I visited a dozen museums and met many artists, curators, donors, and directors. Their attitude was positive and can-do. Their places are vibrant. They have timed tickets, too, and they’re often sold out. Our oligarch rulers peddle depression, suppression, lockdown, isolation, racism, and anger. What I saw and felt on my visits and also on a visit to the El Greco show at the Art Institute in Chicago was a seriousness about art, education, and public service that’s both old-fashioned and uplifting.

I wish I felt more of this mood in museums between Washington and Boston. There are many exceptions — MoMA, for instance — but my sense is that the legacy museums, the rich places in New York, New England, Los Angeles, and California are stuck in a bog. I was stunned last week to visit the Clark Art Institute, a rich place that can do anything it wants, and see so many galleries empty.

I’m curious and adventurous. I take reasonable, sensible precautions on the COVID front but think Dr. Fauci et ilk are quacks who know one word, and that’s “lockdown.” In 2021, I’ll certainly go to California, if its museums ever reopen. The Imperial War Museum in London will open its new World War II wing. The Munch Museum in Oslo has built a new building that premieres in 2021, as has the Egyptian Museum in Cairo to show the contents of King Tut’s tomb.
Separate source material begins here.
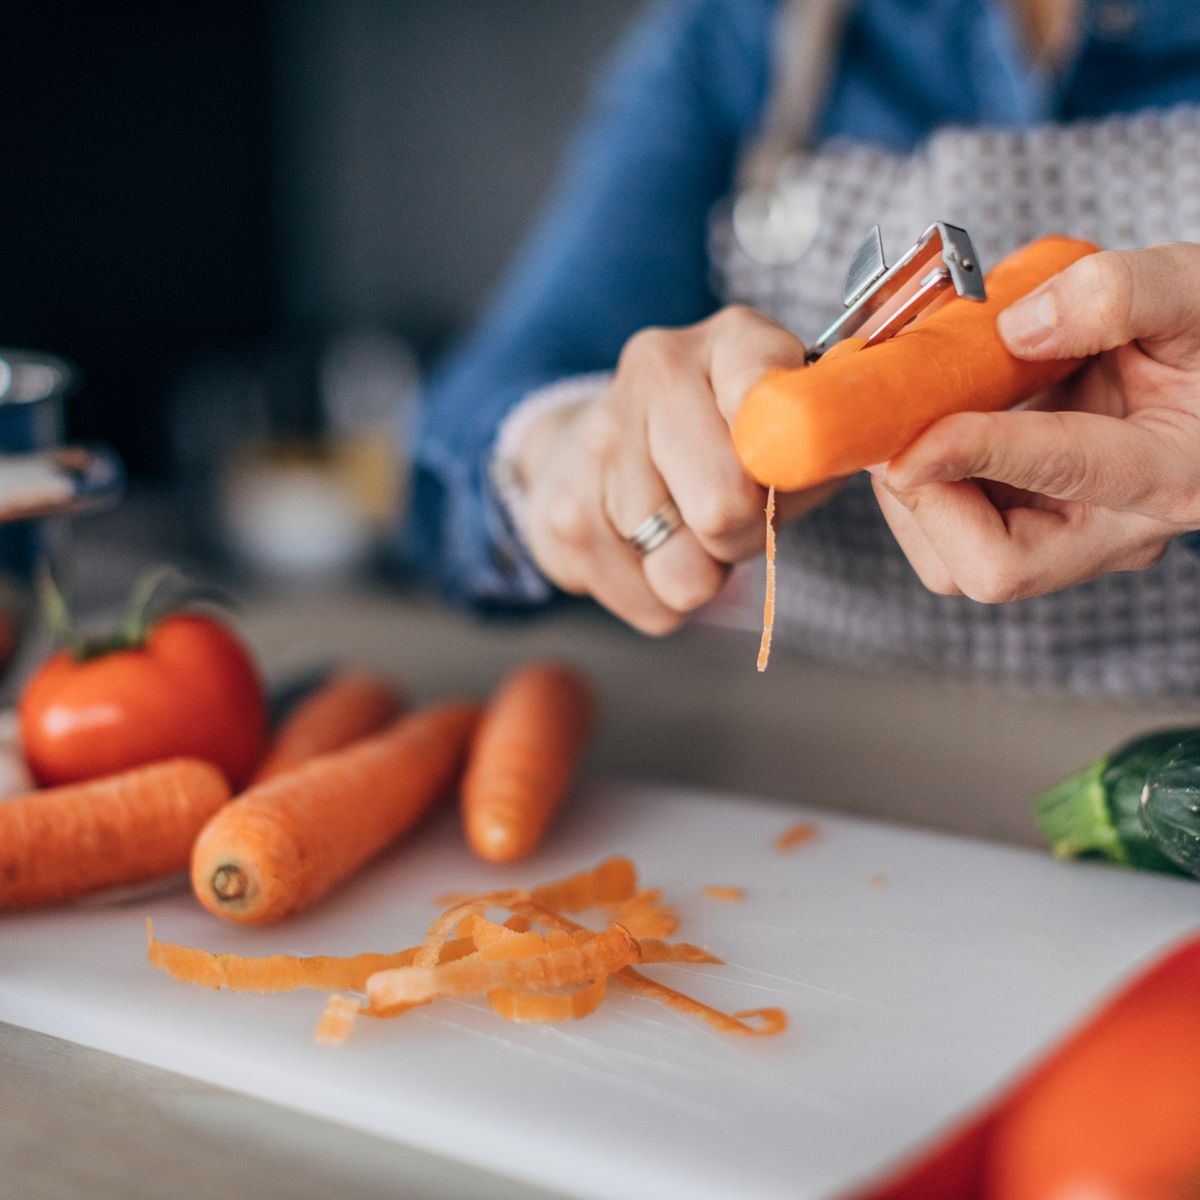 Mejores cortadores de verduras y frutas que puedes comprar este verano

There’s a Botticelli retrospective in Paris this coming September.

I’m planning a trip to Athens to visit its no-longer-new museums for Archaic, Classical, and Hellenistic art. I was there last in 1973, and I believe television had just arrived. The Greek gods were nothing like the God of Christianity, Judaism, or Islam. Uninterested in goodness and salvation, they entertained themselves thwarting, punishing, goading, and tricking a hapless humankind, rewarding us with a sparkling trinket now and then but otherwise having no interest in our doings. They might be making a comeback.

I want to enjoy the energy of more museums in the South and Midwest. I especially want to do a swing through Ohio, which has fantastic art, great small-city museums, and half a dozen presidential homes. These house museums are hagiographic, I know, but their history is better than the “1619 Project,” which is delusional and vindictive.